Since the mountain building process is still ongoing, the Himalayan Mountains and the surrounding region is seismically one of the most active parts on earth. The earthquakes occurring in the Himalayas are often devastating, as was the 2005 Kashmir earthquake. Unfortunately, there are more to come. According to the eminent seismologist, Roger Bilham of the University of Colorado, “What’s more important today is that the Himalayas are ruptured along less than half of their extent.” This means tremendous strain is building up every day and another “big” one could be due any time soon. Roger Bilham in fact visited Pakistan after the 2005 earthquake that registered 7.6 on the Richter scale.

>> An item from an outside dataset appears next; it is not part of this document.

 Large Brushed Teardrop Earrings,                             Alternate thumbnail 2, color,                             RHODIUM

He conducted a study that revealed the 2005 earthquake occurred in a region where a great plate-boundary earthquake had long been considered overdue. According to the study, “Although the 2005 earthquake resulted in widespread devastation, theoretical considerations suggest it may not have released more than one 10th of the cumulative elastic energy that has developed since the previous great earthquake in the region in 1555”. Bilham conducted the study using data collected through Global Positioning System (GPS) sensors placed in different locations of Azad Kashmir and Indian held Kashmir in past few years.

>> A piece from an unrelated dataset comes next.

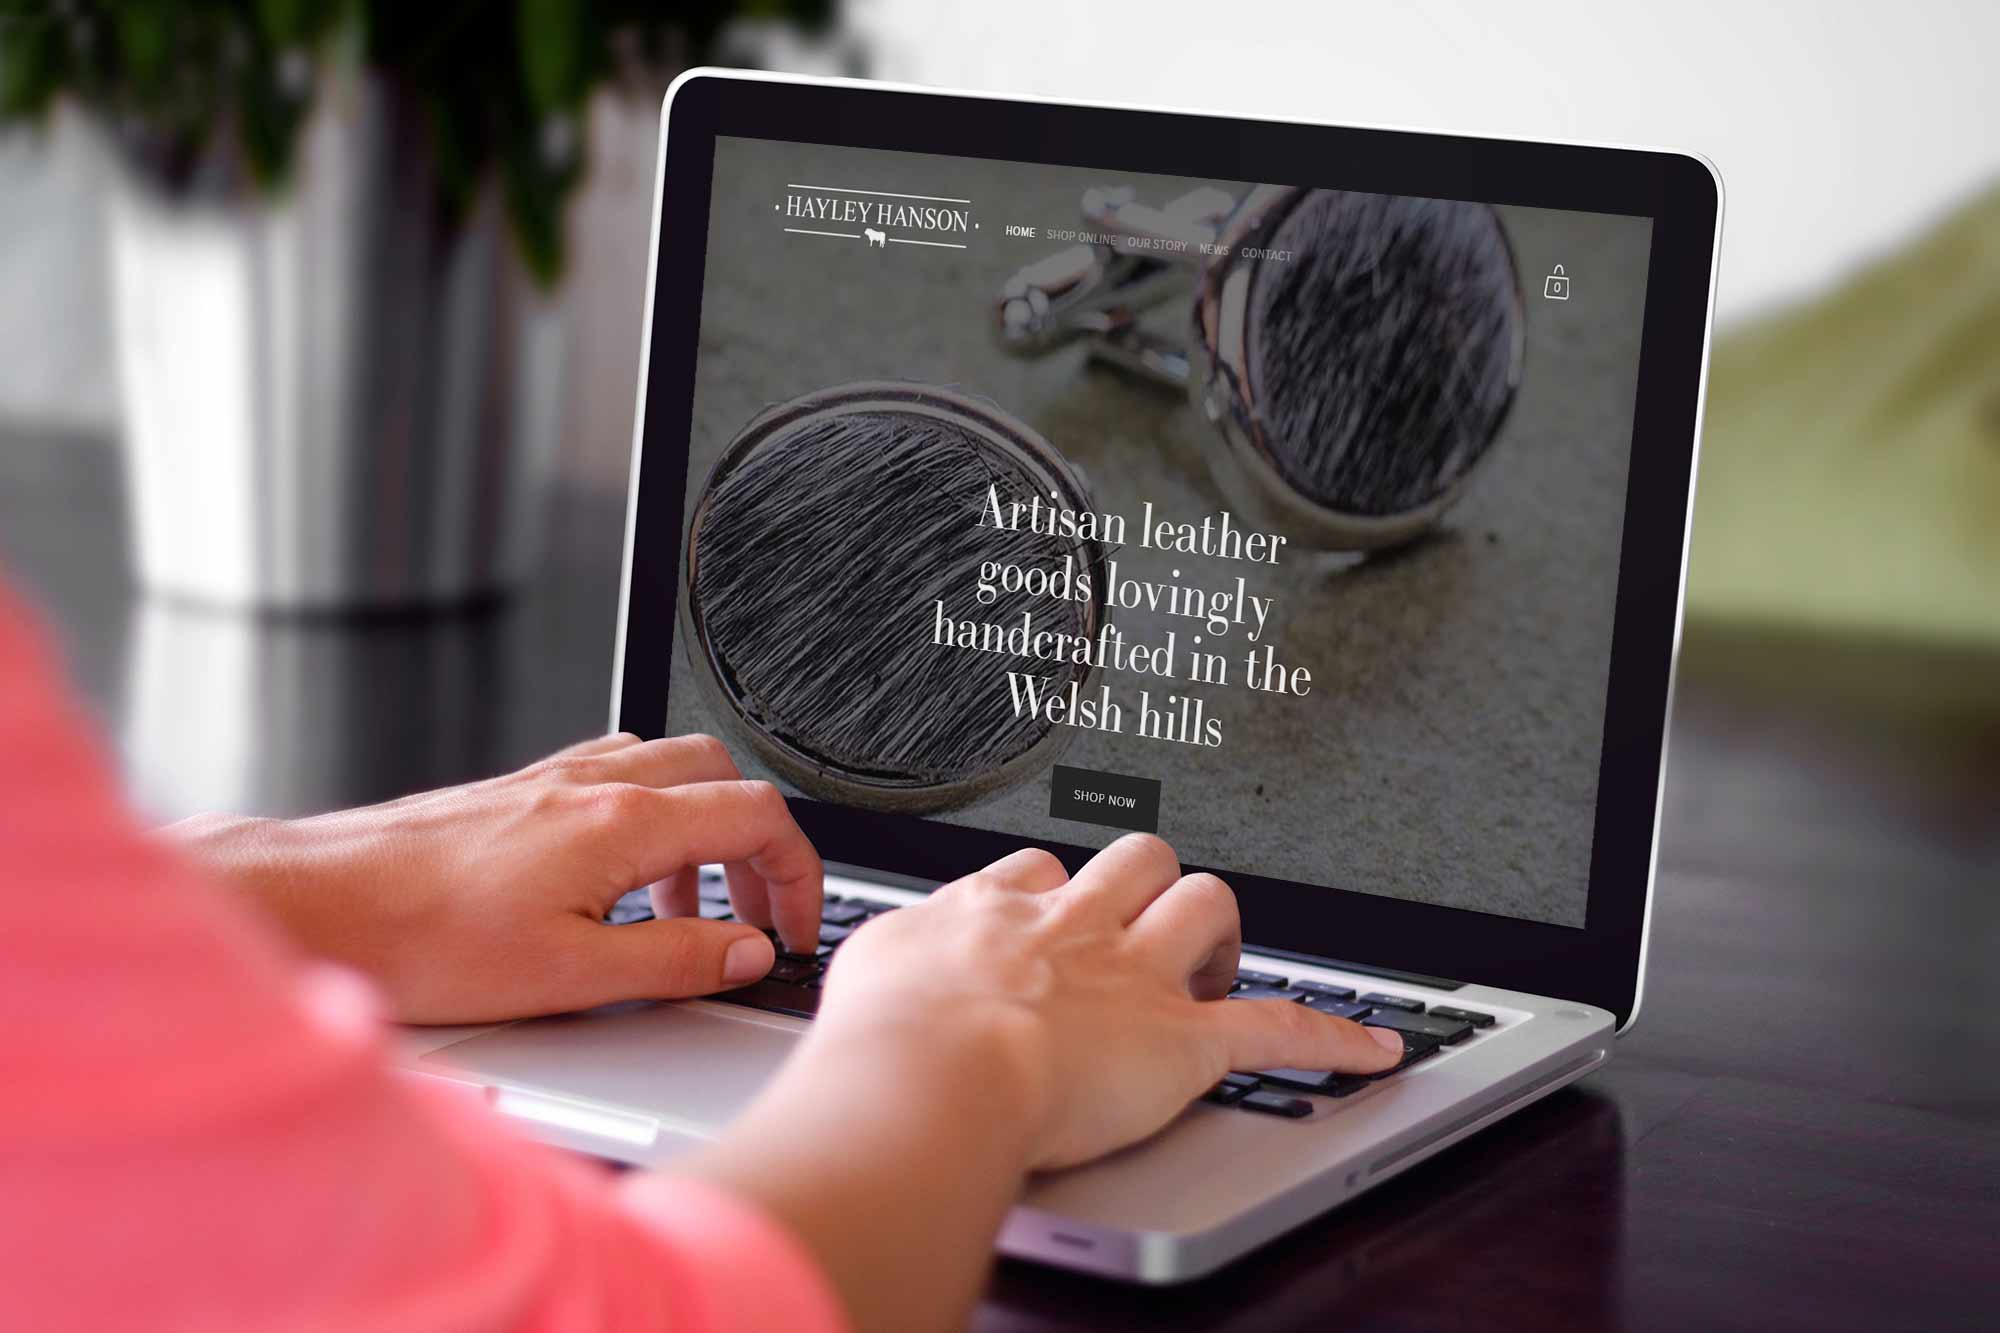 Hayley-hanson-website-on-laptop.jpg

The findings of the study were made public in 2011 – and they created a storm because Bilham found that the relative movement of the Tibetan plateau was slowest (this indicates where compression is building up, and a rupture is eventually likely to occur) in the Zanskar Range to the north of the Kashmir Valley. This means that the zone likely to rupture when a quake eventually happens could be 200 km wide, and would encompass the entire Kashmir Valley. If slippage occurs over a length of 300 km, as is possible, a mega-quake of magnitude 9 is the likely result. What Bilham couldn’t predict from his GPS results was when such a disaster might happen. His warning was that: “I think you have to plan for the worst case.”

However, both the Indian government and the Pakistani Meteorological Department (PMD) downplayed the fears spread by his study. The PMD issued a statement that “seismologists cannot predict earthquakes” in December 2011, while the Indian government went a step further and refused to issue Bilham a visa on a subsequent visit to India in December 2012.

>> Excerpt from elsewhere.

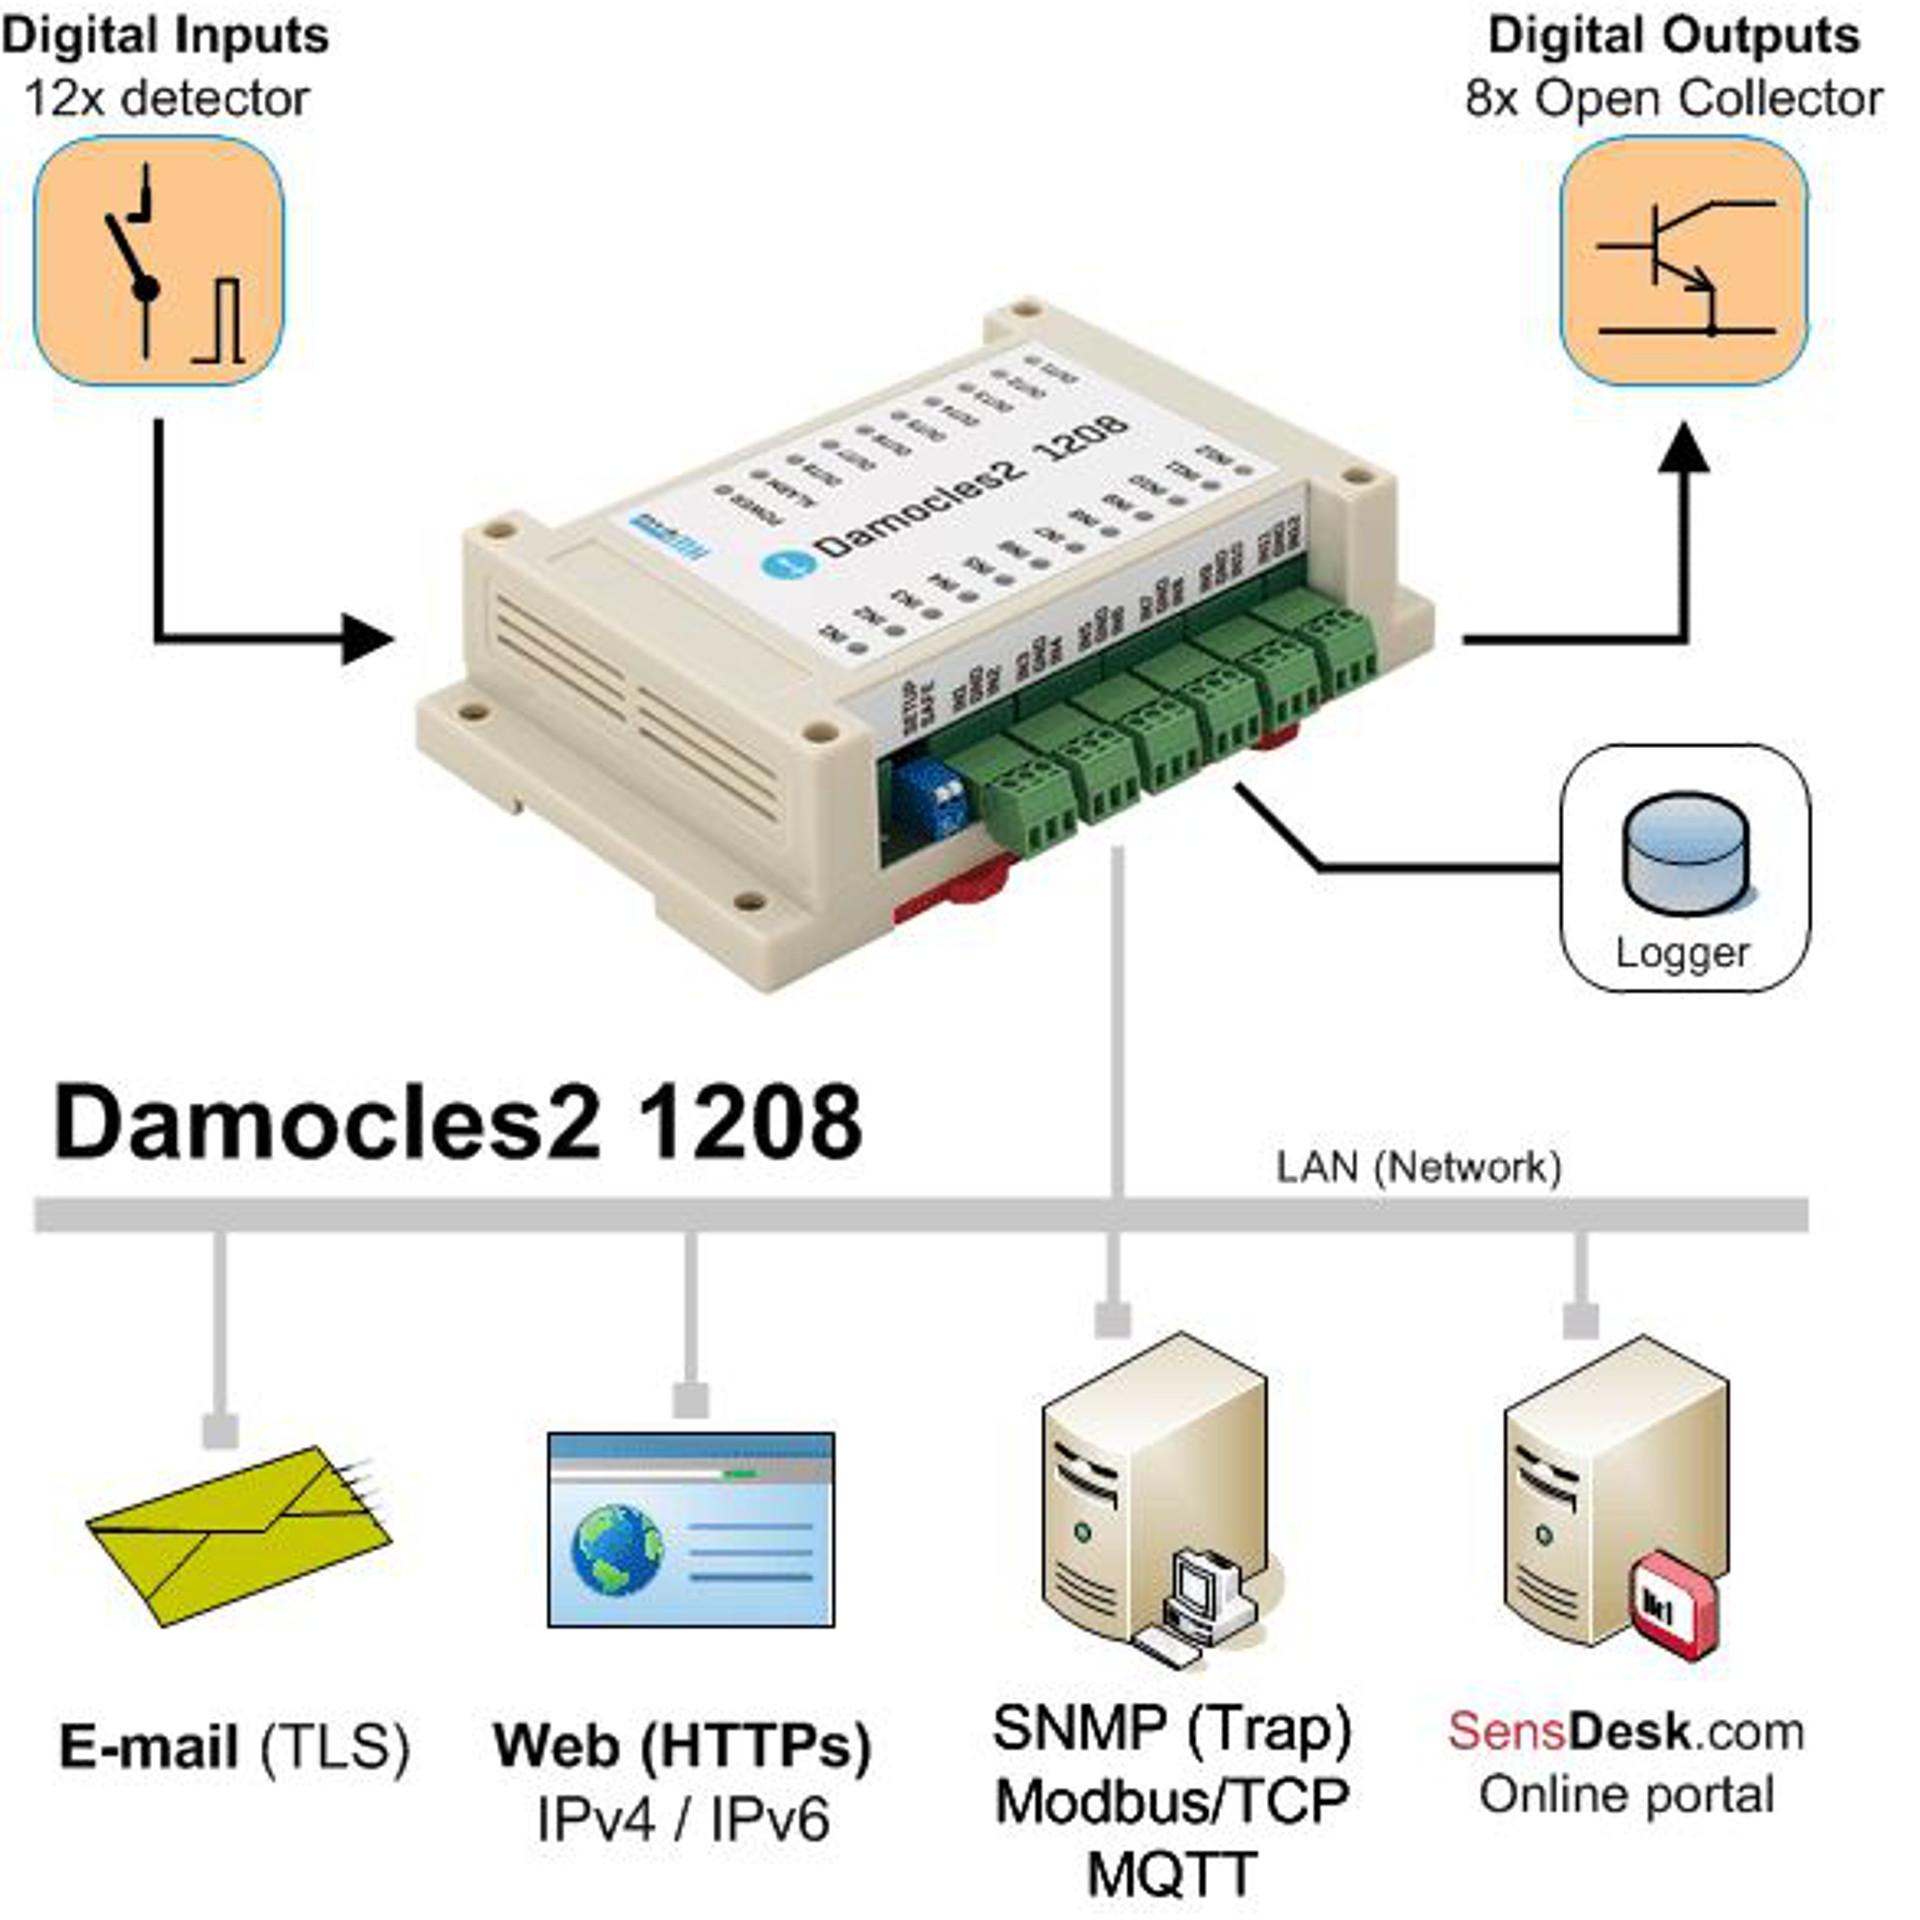 Damocles2 1208 - Sichere Ethernet I/O Einheit - HW group - BellEquip

In Bilham’s defense, the well-known landslide expert Dave Petley at Durham University (who has also visited Pakistan several times) wrote in his blog that the study was “a quite measured piece about the potential for a large earthquake, and the likely consequences of such an event. This earthquake risk is very real, and urgently needs addressing through preparedness and measures such as improved building codes. This is not an issue that can be ducked”.

Bilham is not alone about predicting a “big” one in the Himalayas. Last year, research by Stanford scientists that focused on geologic features and activity in the Himalayas, predicted the same thing. A geophysics doctoral student at Stanford, Warren Caldwell, analysed seismic data from 20 seismometers deployed for two years across the Himalayas by colleagues at the National Geophysical Research Institute of India.

According to his research, “The data imaged a thrust dipping a gentle two to four degrees northward, as has been previously inferred, but also revealed a segment of the thrust that dips more steeply (15 degrees downward) for 20 kilometers. Such a ramp has been postulated to be a nucleation point for massive earthquakes in the Himalayas”.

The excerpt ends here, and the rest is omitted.